Current Situation Analysis

Existing cloud-native single-write-multiple-read databases based on shared storage typically use asynchronous log transmission and log playback, resulting in expired data being returned by read-only (RO) nodes, which can only guarantee eventual consistency. We tested several databases and found that their RO nodes return expired data. In our tests, data is first written to the read-write (RW) nodes, and then after a short period, the data is read on the RO nodes, and the proportion of expired data read on the RO nodes is calculated. The results, shown below, include anonymized commercial cloud-native databases referred to as DB-A and DB-B. PolarDB does not have the SCC feature, and QueryFresh is an academic solution. It is evident that only PolarDB-SCC can completely avoid reading expired data.

To achieve strong consistency in RO nodes, commonly used algorithms are commit-wait and read-wait. In the commit-wait algorithm, RW nodes have to wait until the transaction logs are transmitted to all RO nodes and played back before committing the transaction. This significantly affects the performance of RW nodes. In the read-wait algorithm, when an RO node processes a request, it first needs to obtain the current maximum commit timestamp of the RW node and then wait for the RO node's logs to be played back before actually processing the request. This results in longer processing latency for RO nodes.

To achieve global consistency with low latency, we have redesigned and implemented PolarDB-SCC. By deeply integrating with RDMA (Remote Direct Memory Access), it uses an interactive multi-dimensional primary-secondary information synchronization mechanism instead of the traditional primary-secondary log replication architecture. Through ingenious design, it reduces the number of times RO nodes obtain timestamps and avoids unnecessary log playback waiting. The result is the implementation of globally strongly consistent reads in RO nodes with minimal performance loss.

Overall Architecture

The PolarDB-SCC uses a shared storage-based architecture called single-write-multiple-read. It consists of a read-write (RW) node and multiple read-only (RO) nodes. These nodes can also be connected to proxy nodes. The proxy node enables read/write separation by distributing read requests to the RO nodes and forwarding write requests to the RW nodes, thus ensuring transparent load balancing. To quickly transmit logs and obtain timestamps, the RW and RO nodes can employ RDMA-based network connections.

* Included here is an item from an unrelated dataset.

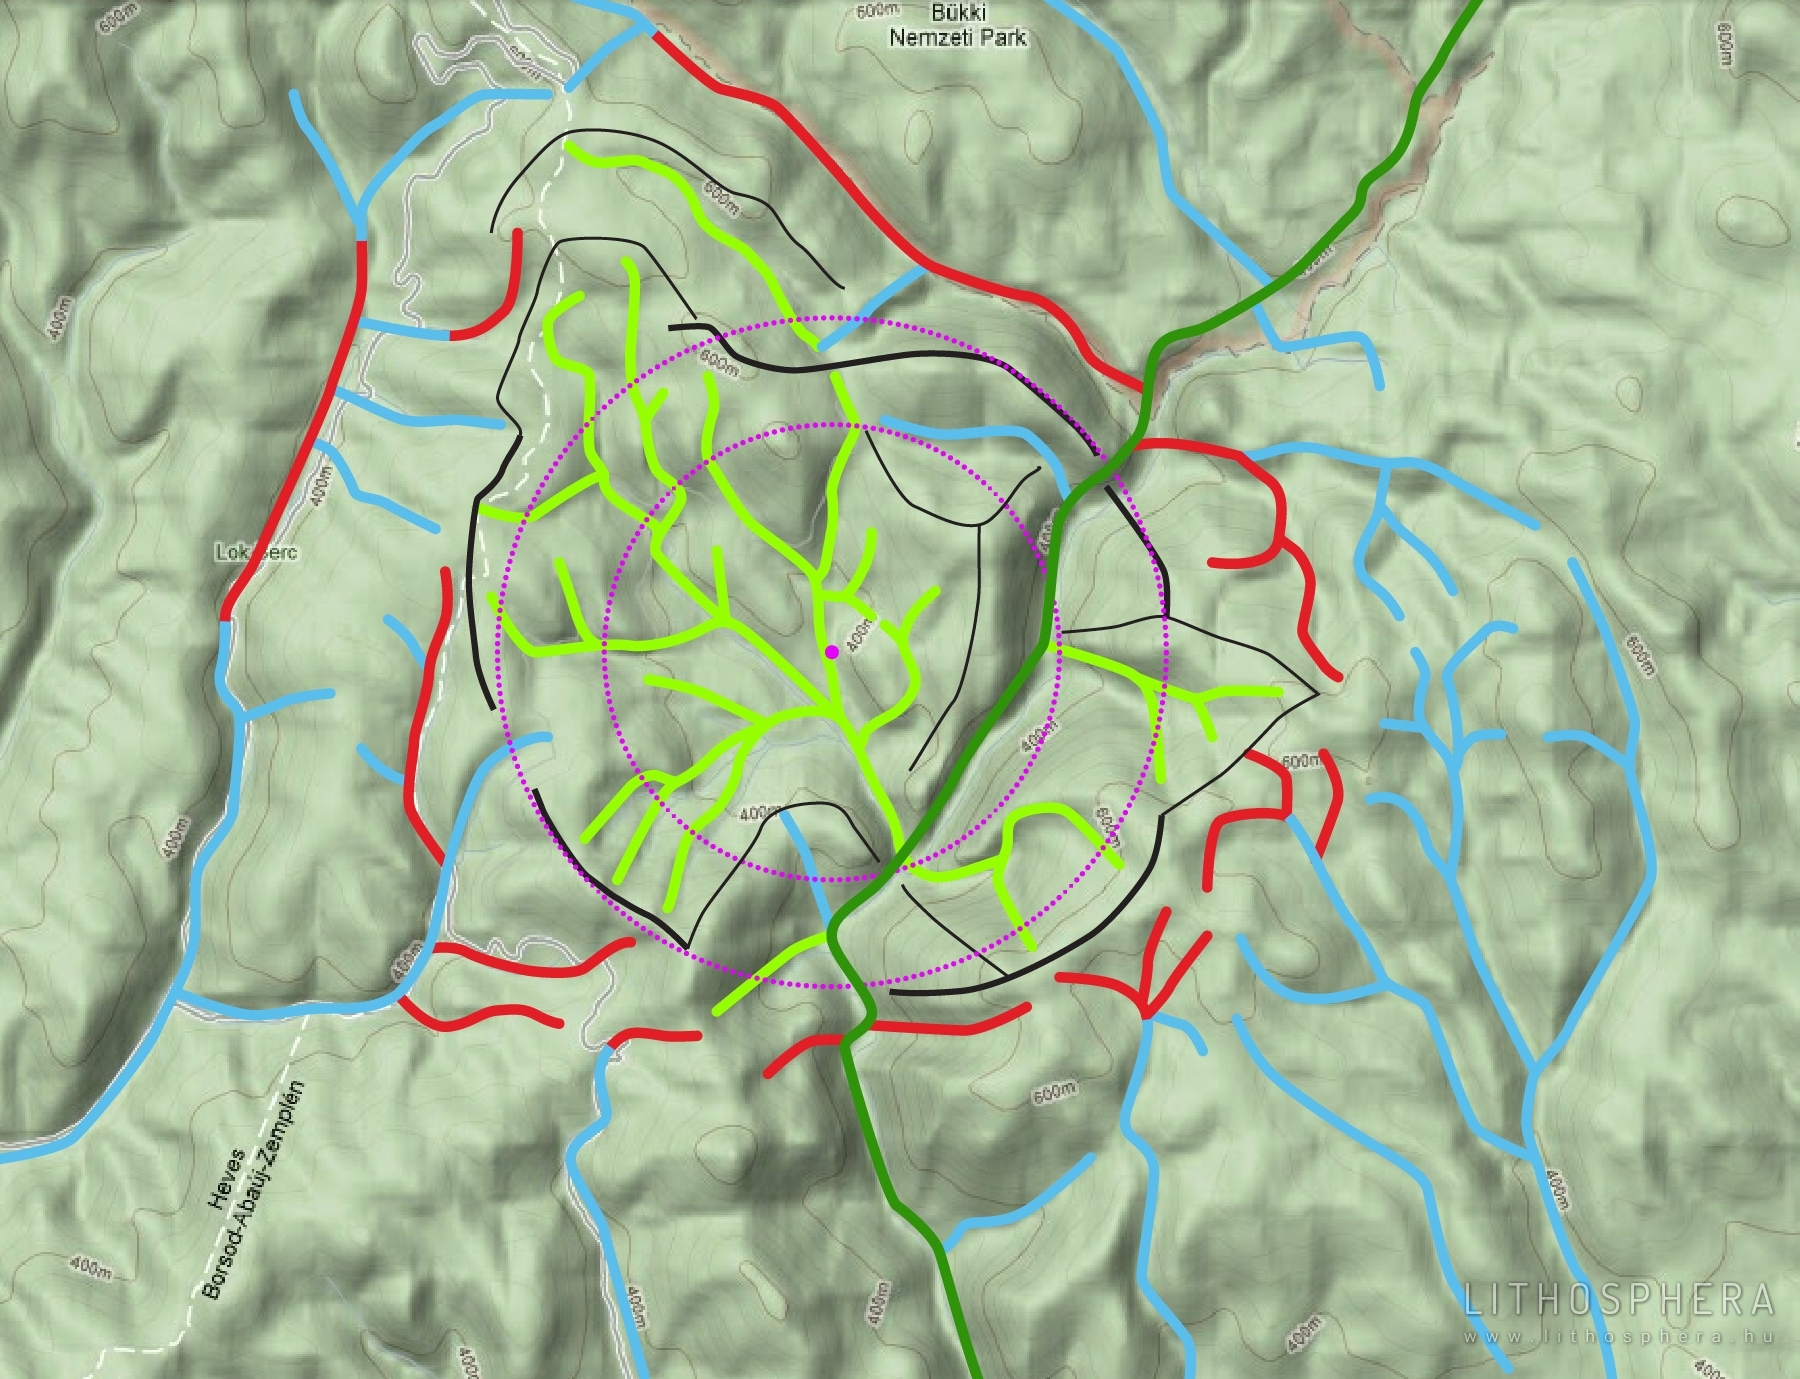 3.a ábra: A Hosszú-völgy környékének völgyirányai, vízrajzi hálózata a GoogleMaps domborzati modelljére vetítve Zöld völgyek: a krátermedence belsejébe futnak (konvergens irányúak). A krátersánc belső oldalain lefolyó vizek (völgyek) ágas szerkezete, centripetális iránya, s a sánc alja felé történő egyesülésük medencejelleget mutat; kék völgyek: a krátersánc külső oldaláról széttartanak (radiálisak) a völgyirányok, azaz centrifugális mintázat jellemzi. Ezeket a folyóvizeket a külső lejtők irányították; piros völgyek: azok a völgyszakaszok lettek kiemelve, amelyek ívelt futása a hajdani krátersáncot jelzik. (Figyelemre méltó a Hór-völgytől keletre a Belvács-völgy – Tamás-széki-völgy vonaláig nyomozható szeszélyesen hajladozó, ívelt vonalú különös völgyhálózat. Talán egy koncentrikus kráter külső pereme?)

The transaction system of PolarDB has been redesigned based on timestamps. It completely reconstructs the traditional transaction system of MySQL, which is based on active transaction arrays. This redesign supports distributed transaction extension and improves standalone performance. This serves as the foundation of PolarDB-SCC. The core designs of PolarDB-SCC are as follows:

Linear Lamport Timestamp

The latest modified timestamp is stored on the RW node. Therefore, the RO node needs to obtain the timestamp from the RW node each time a request is processed. Although the RDMA network is fast, heavy load on the RO nodes can still result in high overhead. To reduce the overhead of timestamp acquisition, we propose the use of linear Lamport timestamp. With this approach, after the RO node acquires the timestamp from the RW node, it can be stored locally. Any request that arrives at the RO node earlier than the timestamp can directly use the locally stored timestamp without obtaining a new timestamp from the RW node. This can save a significant amount of overhead caused by obtaining timestamps when the RO nodes are heavily loaded.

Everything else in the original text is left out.